Алексей Васильевич встал и убежденно сказал:
— Да такой и при коммунизме ни к чему… Такой — ни к чему! — повторил он. — Вокруг него завалюхи под камышовыми крышами, а он — к небесам вознесся. Мне думается, в коммунизм не так надо шагать, не с того конца. Клуб колхозу нужен, только не из розового туфа и не в пять миллионов ценой. Станицу надо оборудовать: дома для жилья удобные и красивые, водопровод, асфальт, электричество… Это во-первых.

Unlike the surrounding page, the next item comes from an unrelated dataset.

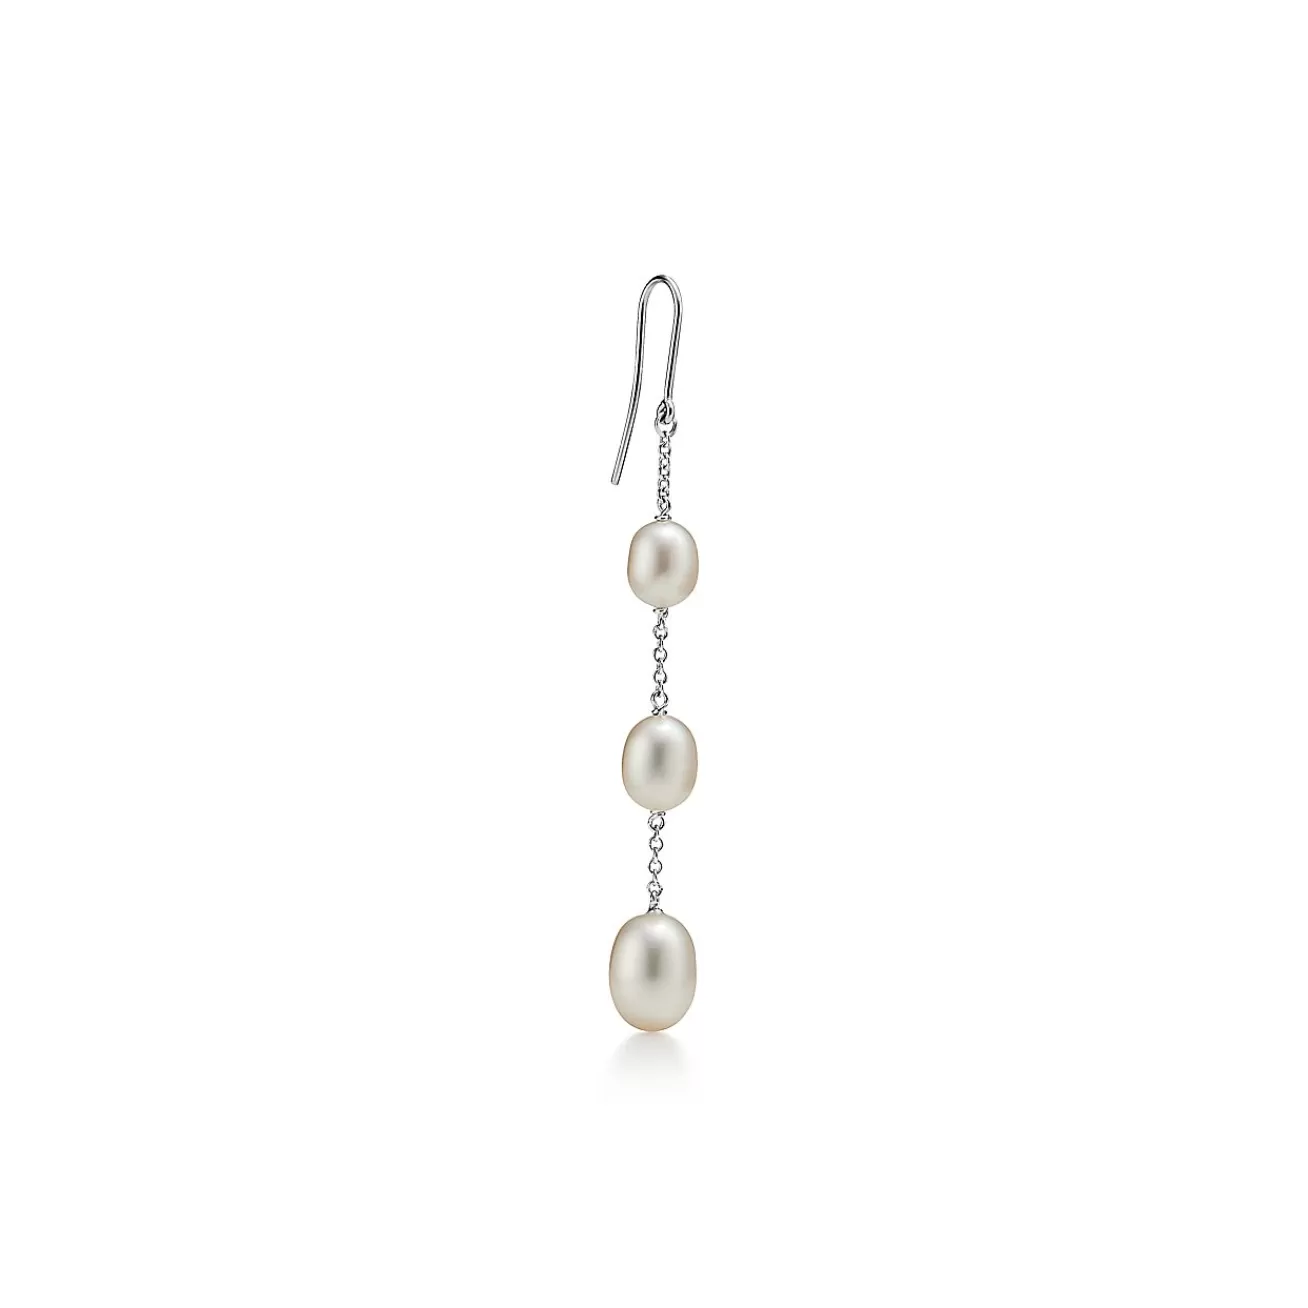 Tiffany & Co. Elsa Peretti® Pearls by the Yard™ chain earrings in sterling silver. | ^ Earrings | Sterling Silver Jewelry

Во-вторых, а может быть, и не во-вторых, а во-первых, условия работы улучшать, фермы благоустраивать. Погоди, погоди, — Панков поднял руку, предупреждая возражения Гуменюка. — Дай мне сказать. Вот оно какое дело. Я давно над этим раздумываю. Иной раз Фрол Кондратыч оборвет меня, а то и осмеет, и кажется, что я не прав, мелко мыслю. Нет, не мелко. Все, что людей касается, не может быть мелким. А тут разговор о людях. Фрол Кондратыч скажет — не та нынче линия: собирать надо всех на центральную усадьбу, а не расселять по фермам. Собирать, может, и надо, только сразу этого не сделаешь. Взять нашу ферму. Сколько в нее средств вогнали? Ого! Что ж, все бросить, разломать, новую ферму близ станицы поставить? Нет, неразумно это. Со временем опояшется колхоз ближними фермами, а может, и не опояшется. Что до меня, я против дальних ферм ничего не имею. Чем фермы к станице тянуть, лучше дороги к ним хорошие проложить и автобусы пустить. А может, и троллейбусы. А что? Электричества у нас с каждым годом все больше. Вот оно какое дело! Кто хочет — в станице живет. Кто хочет — на ферме. Я, например, себе на ферме домик бы построил. Ну, это дело такое — кому что нравится. А пока суд да дело — надо фермы благоустраивать. Вот у меня молодежь работает. Сходятся, женятся, а голову приклонить им некуда. Есть такие — ни за что бы с фермы не ушли. А уходят. И удержать мне их нечем. Вот оно какое дело…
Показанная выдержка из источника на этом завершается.